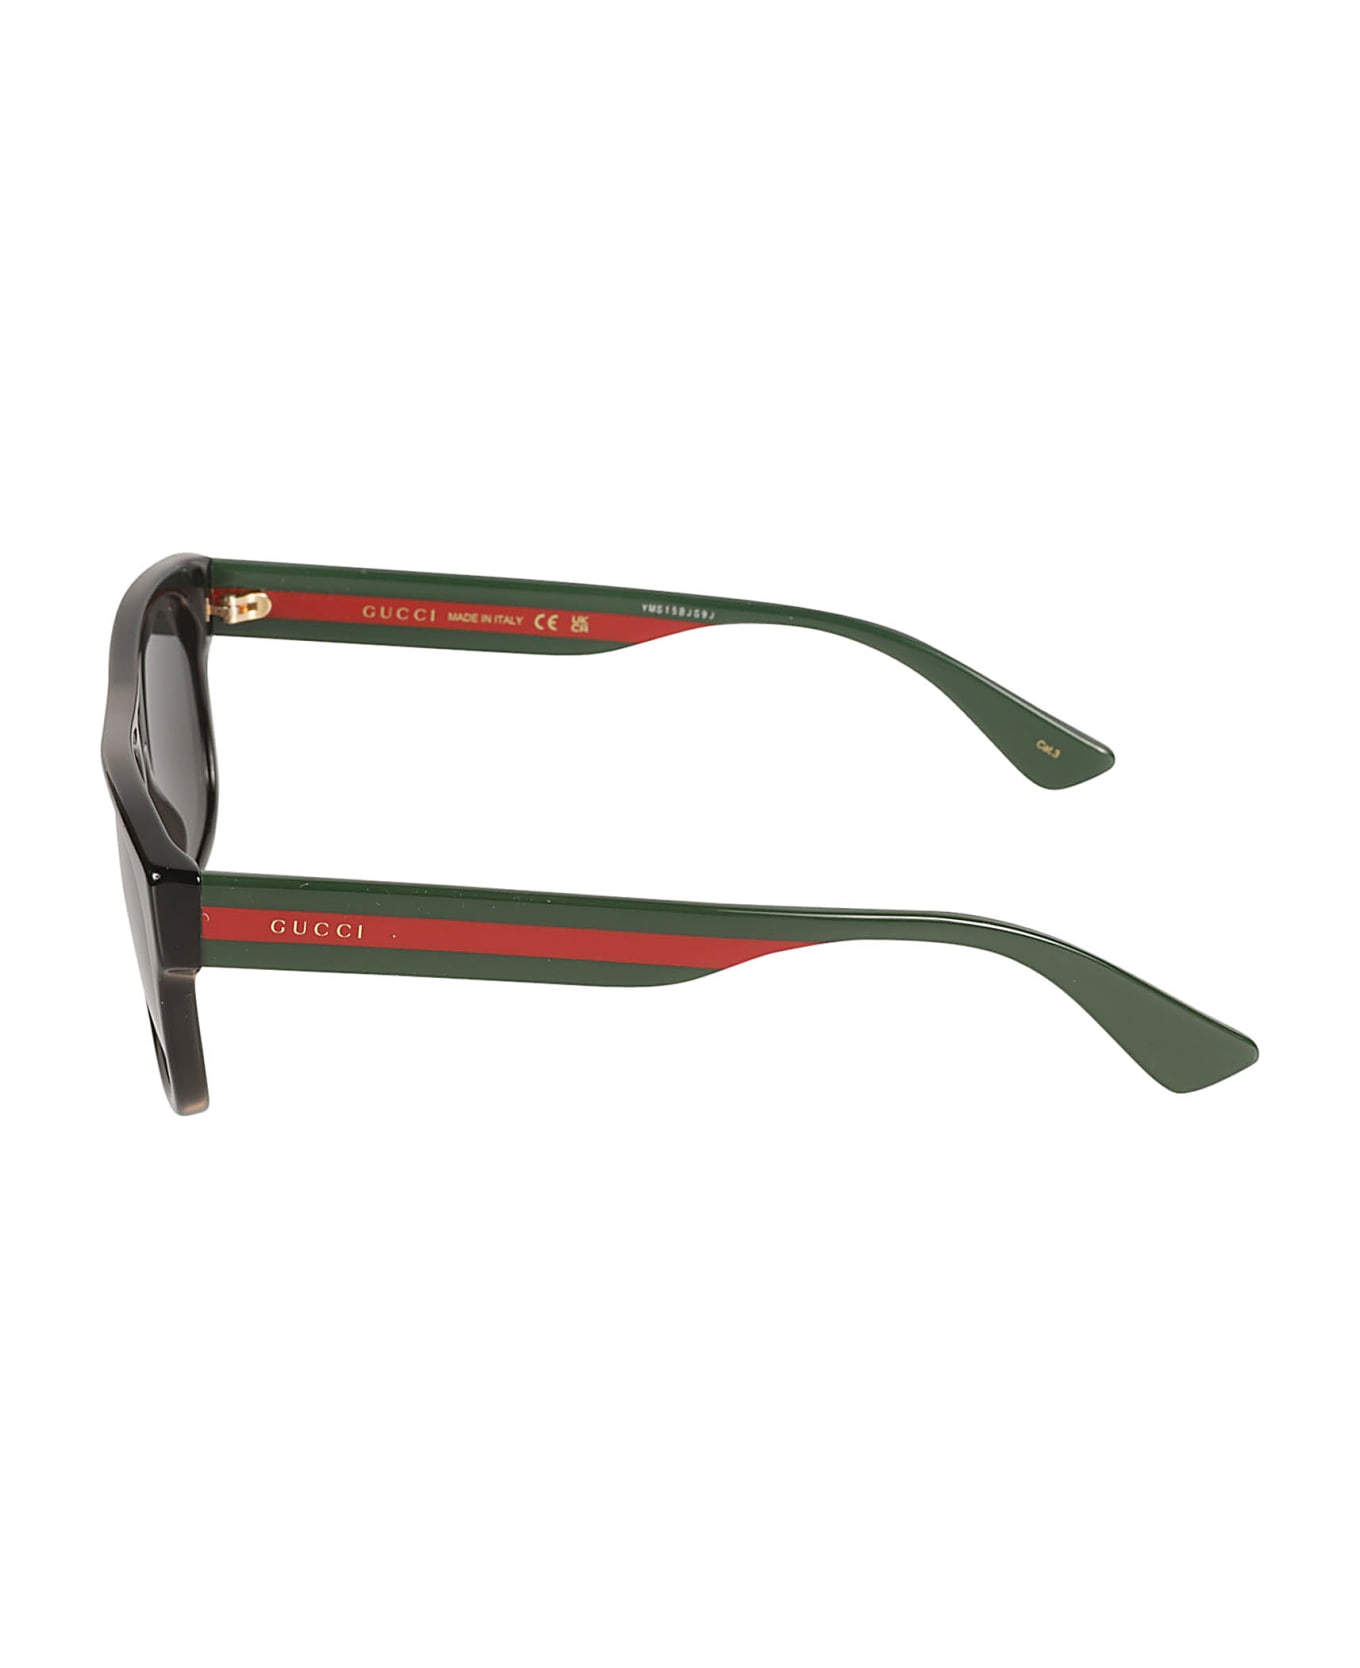 Gucci Eyewear Geometric Classic Sunglasses - Black/Multicolor
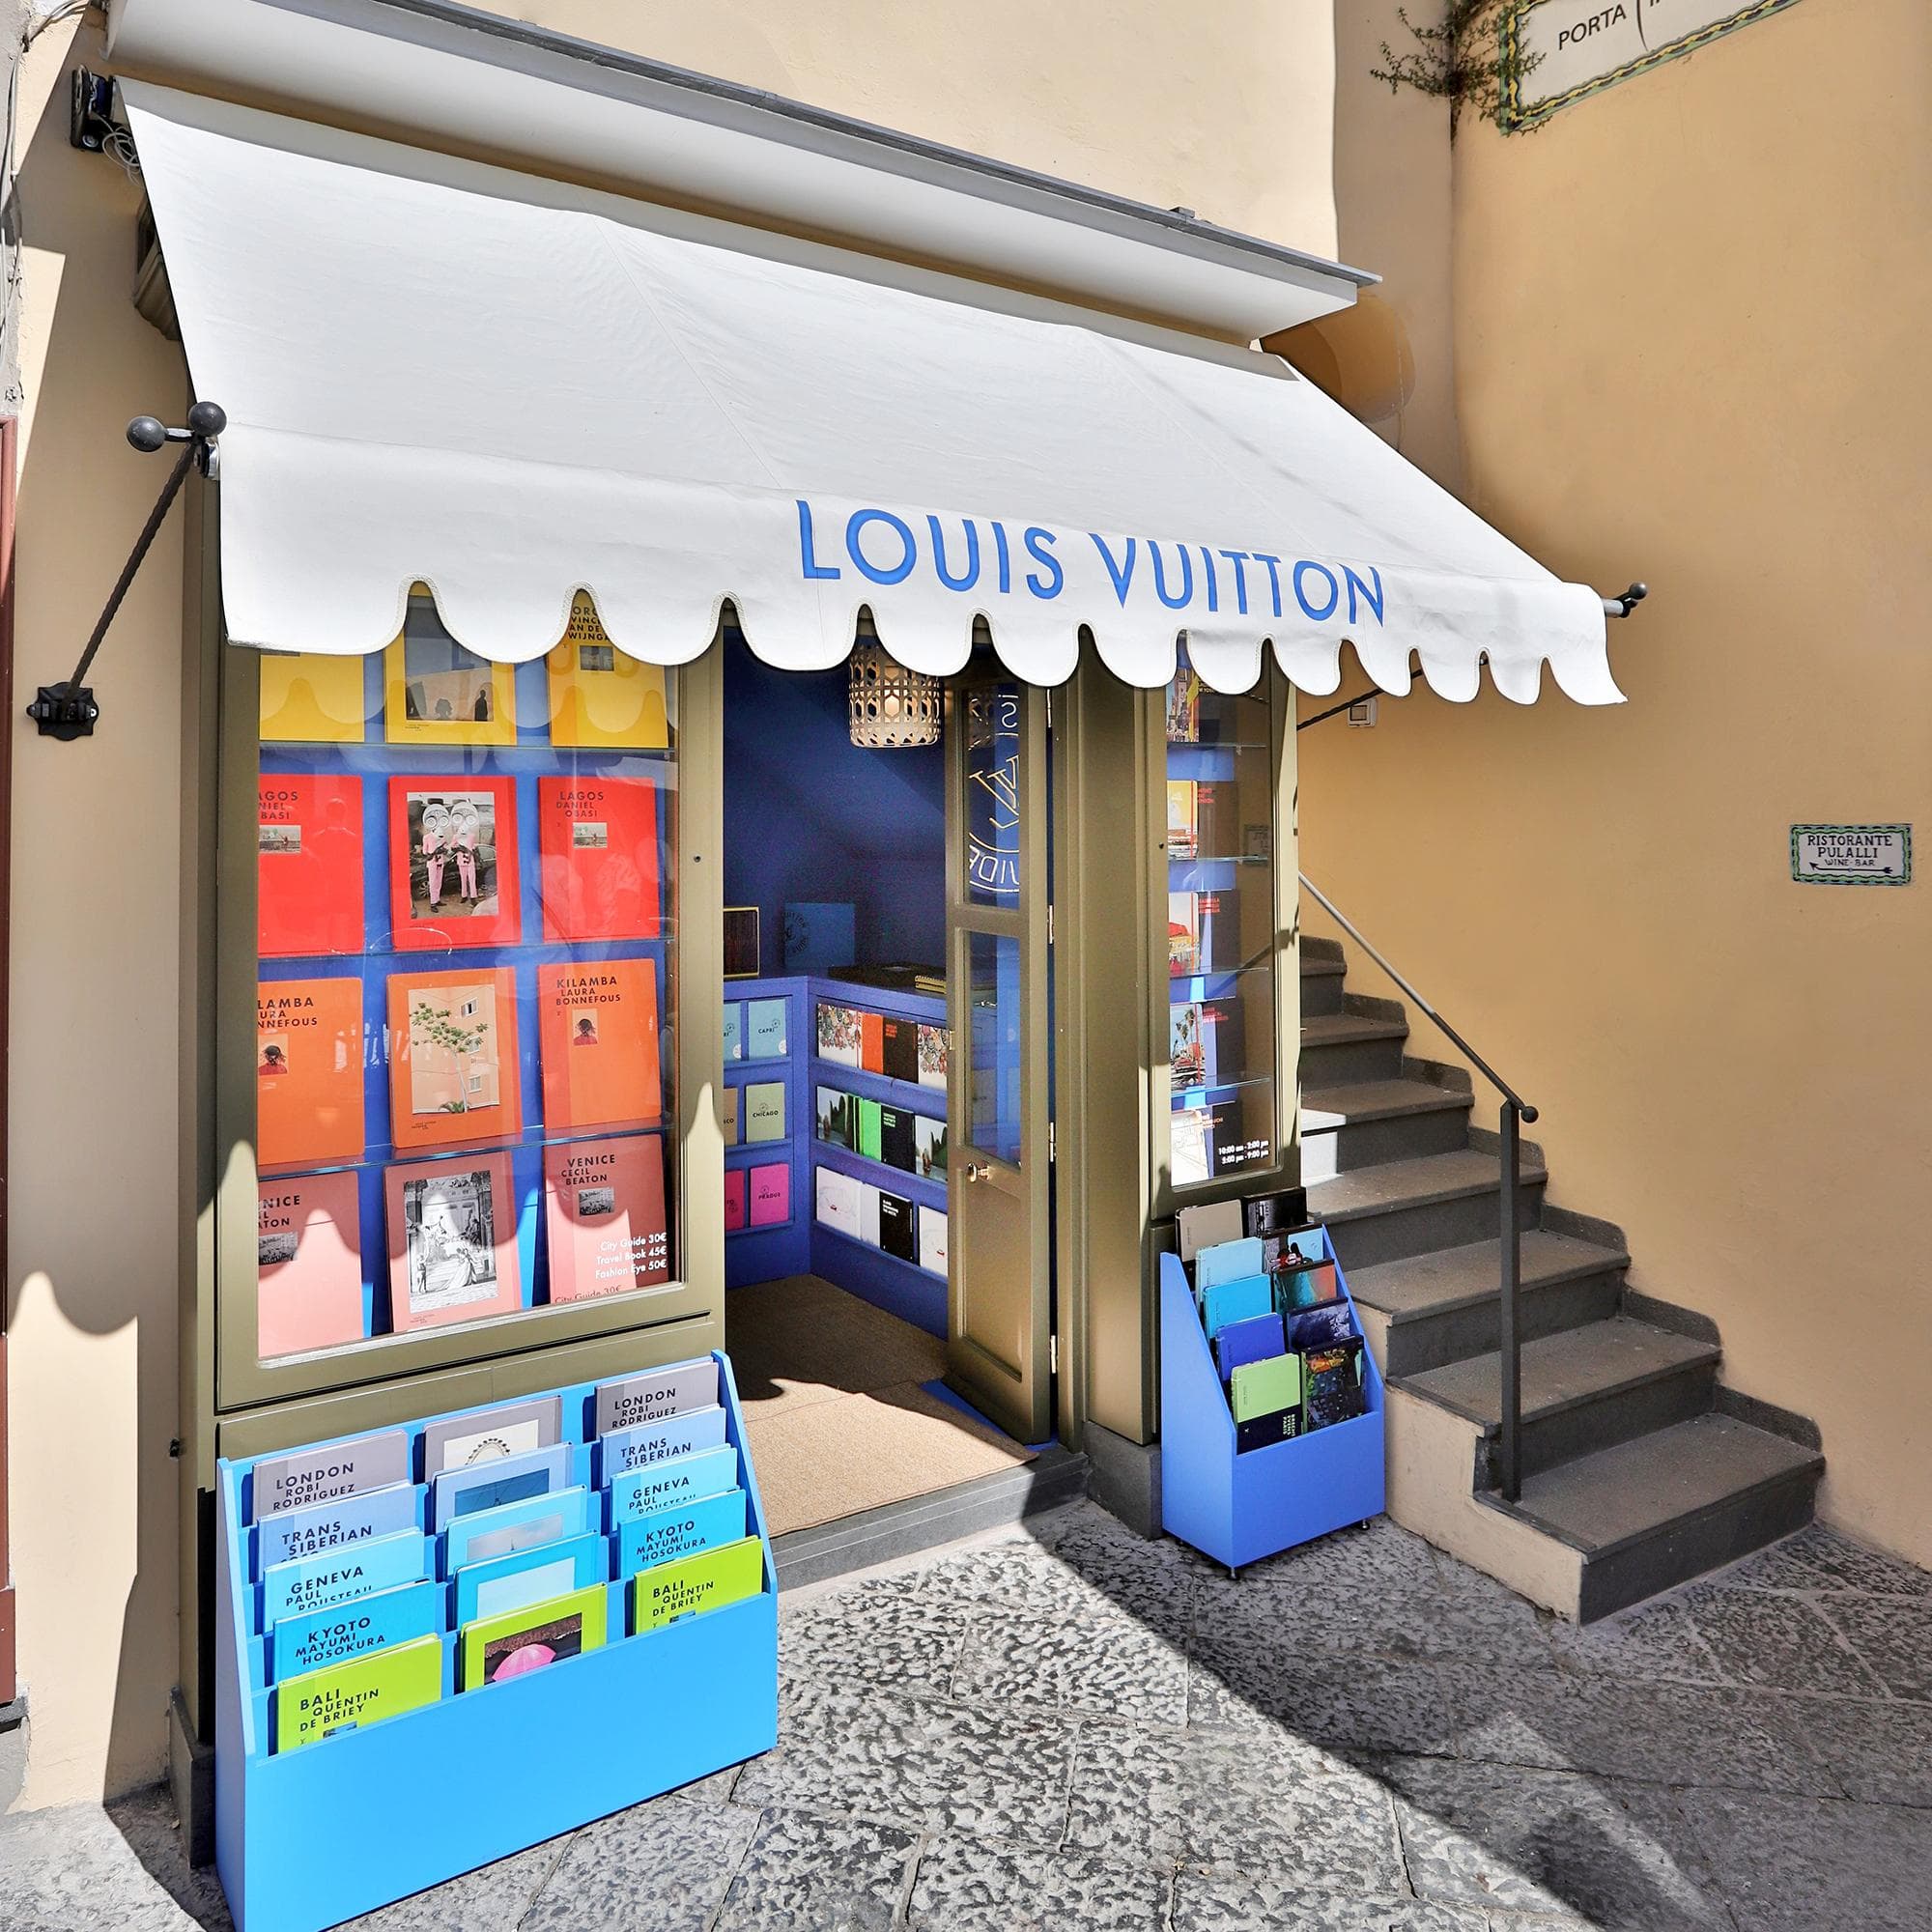 Louis Vuitton - Louis Vuitton inaugurates its most
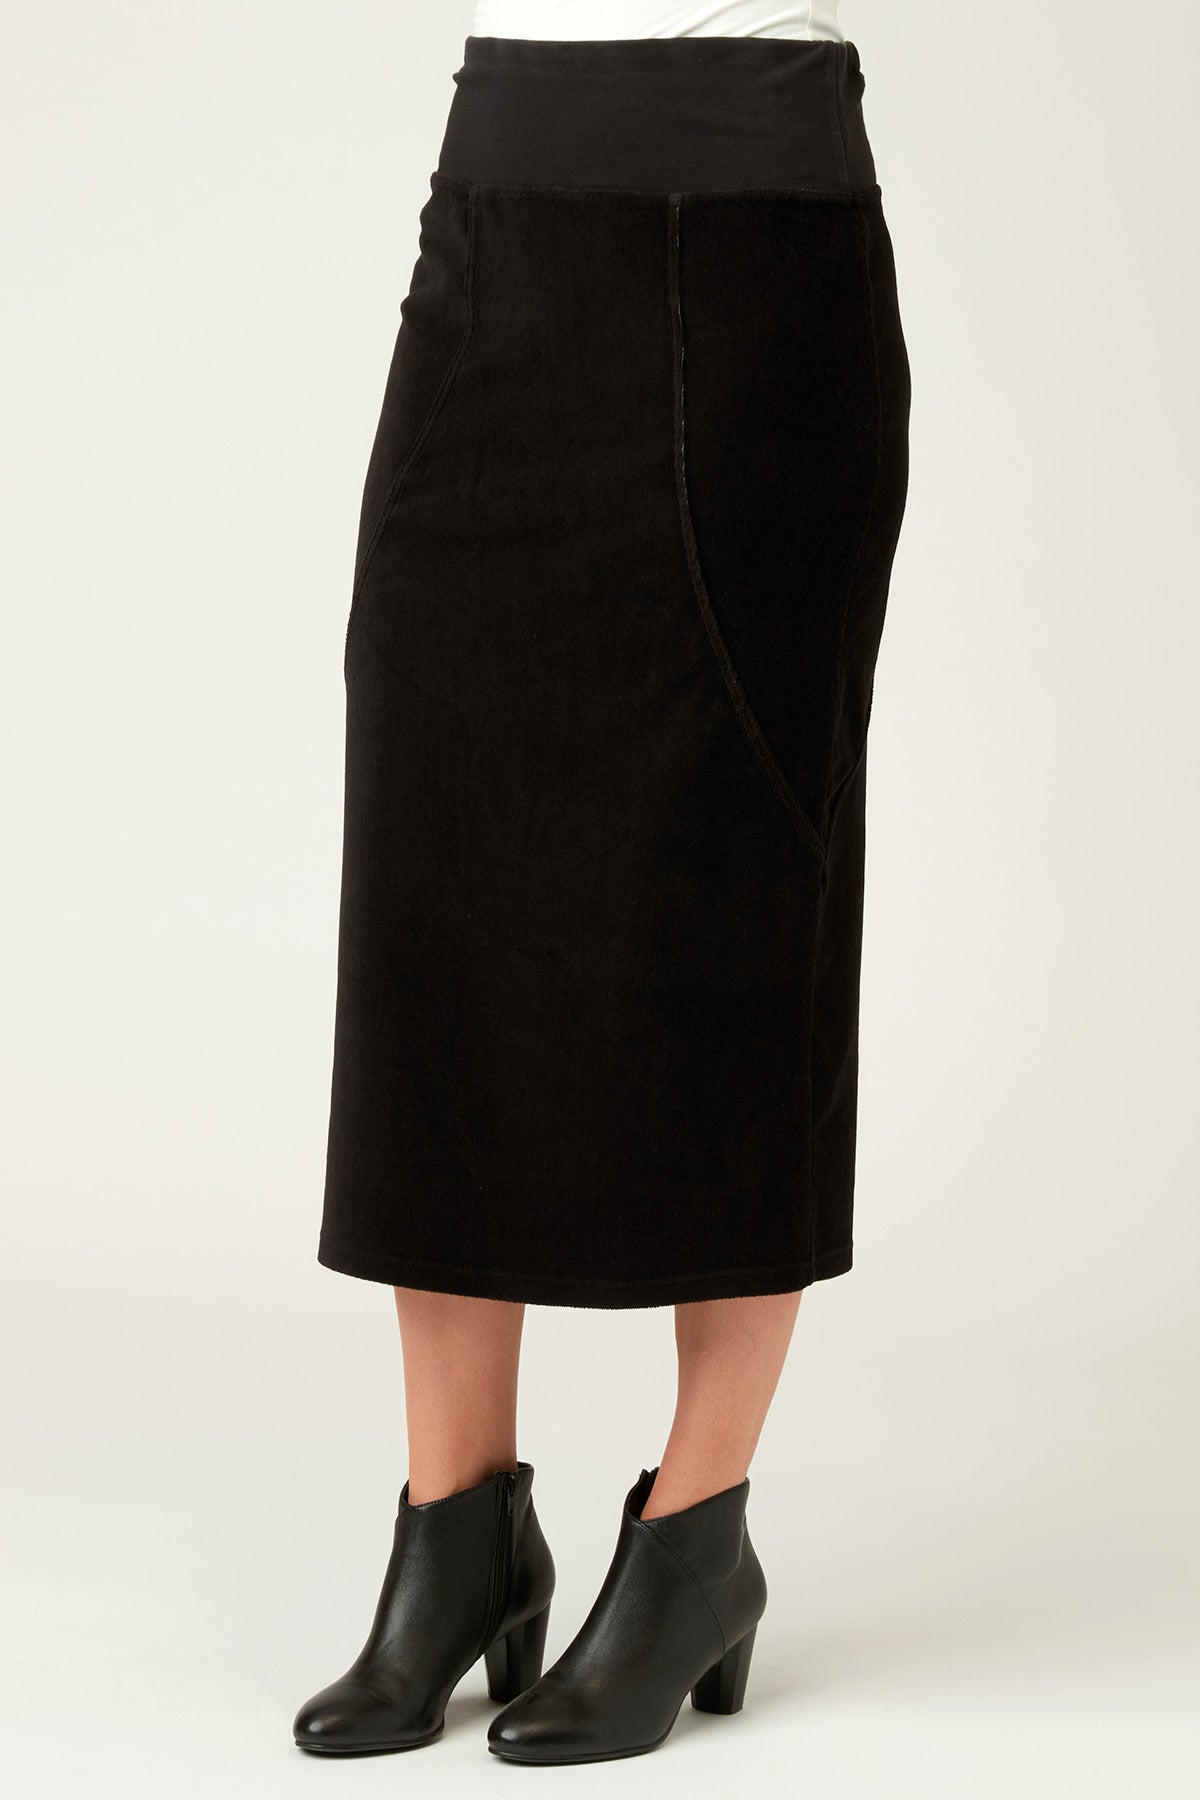 Xcvi Blair Pencil Skirt In Black
■ ■ ■
WORK TASK: Everything in the listing, except its images, should be set down exactly.

ANSWER BELOW:
 Gucci Eyewear Geometric Classic Sunglasses - Black/Multicolor
 Louis Vuitton - Louis Vuitton inaugurates its most
 Xcvi Blair Pencil Skirt In Black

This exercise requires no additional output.